Document Intelligence for SEA

This segment addressed the unique challenges of Optical Character Recognition (OCR) for non-Latin Southeast Asian language scripts — a problem that is exacerbated in frontier models. Wei Qi shared that core difficulties include visually similar character pairs in languages like Thai and Tamil, complex vowel and tone mark positioning in Thai and Vietnamese, and a tendency for open-source models to hallucinate characters in low-resolution or handwritten documents.

AI Singapore’s commitment is to continue building lightweight, open, and accurate OCR models for Southeast Asian languages.


ATxSingapore 2026 was a reminder of what becomes possible when the right partners come together around a shared conviction. Our work in this space remains an open and collaborative effort across all our partners to build AI that correctly represents our diversity and uniqueness.

We are deeply grateful to our collaborators — Adaption, AI for Vietnam, ASEAN Foundation, AWS, Gates Foundation, Google, IMDA, Intel, Qhala, Temus, and Temasek Trust Foundation Advisors, and UNDP — for their continued support, partnership, and belief in what we are building together.

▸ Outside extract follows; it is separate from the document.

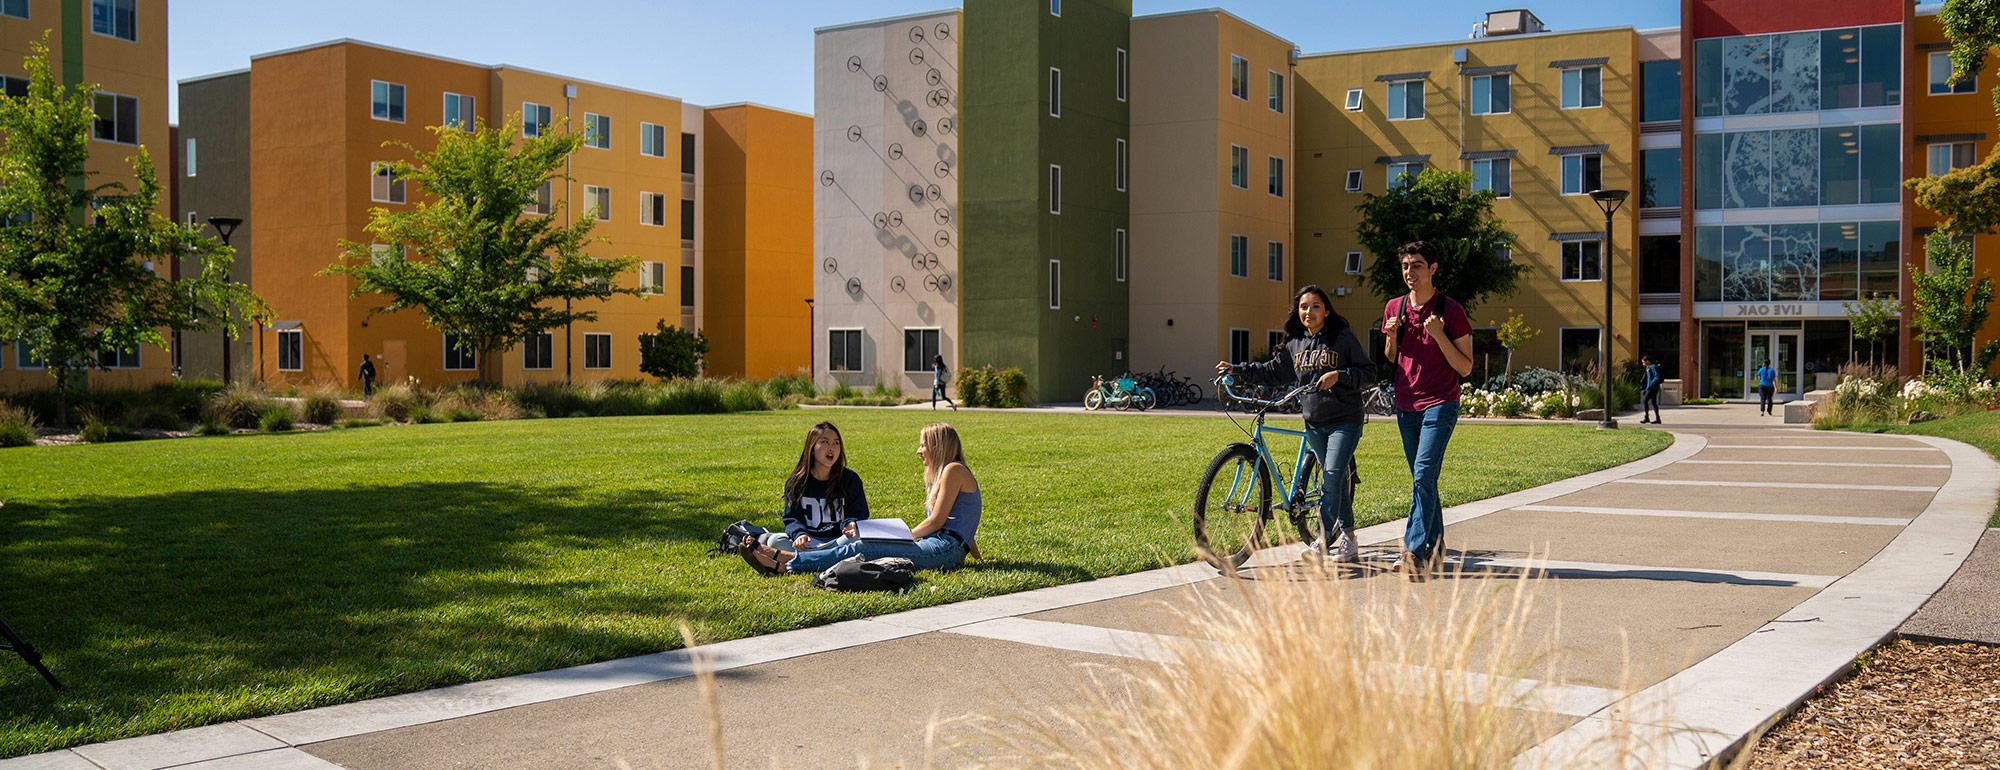 两个学生在骑自行车，另外两个学生坐在宿舍楼前的草地上

Of course, we are also grateful to the National Research Foundation (Singapore) as well as our host institution, the National University of Singapore, and Nanyang Technological University.

And to everyone who joined us on the day – thank you for being part of the community that is building AI for all of us.

Group photo of participants at the 'Building AI for Our Communities' event, featuring people smiling and giving thumbs up, with a presentation screen in the background displaying event details.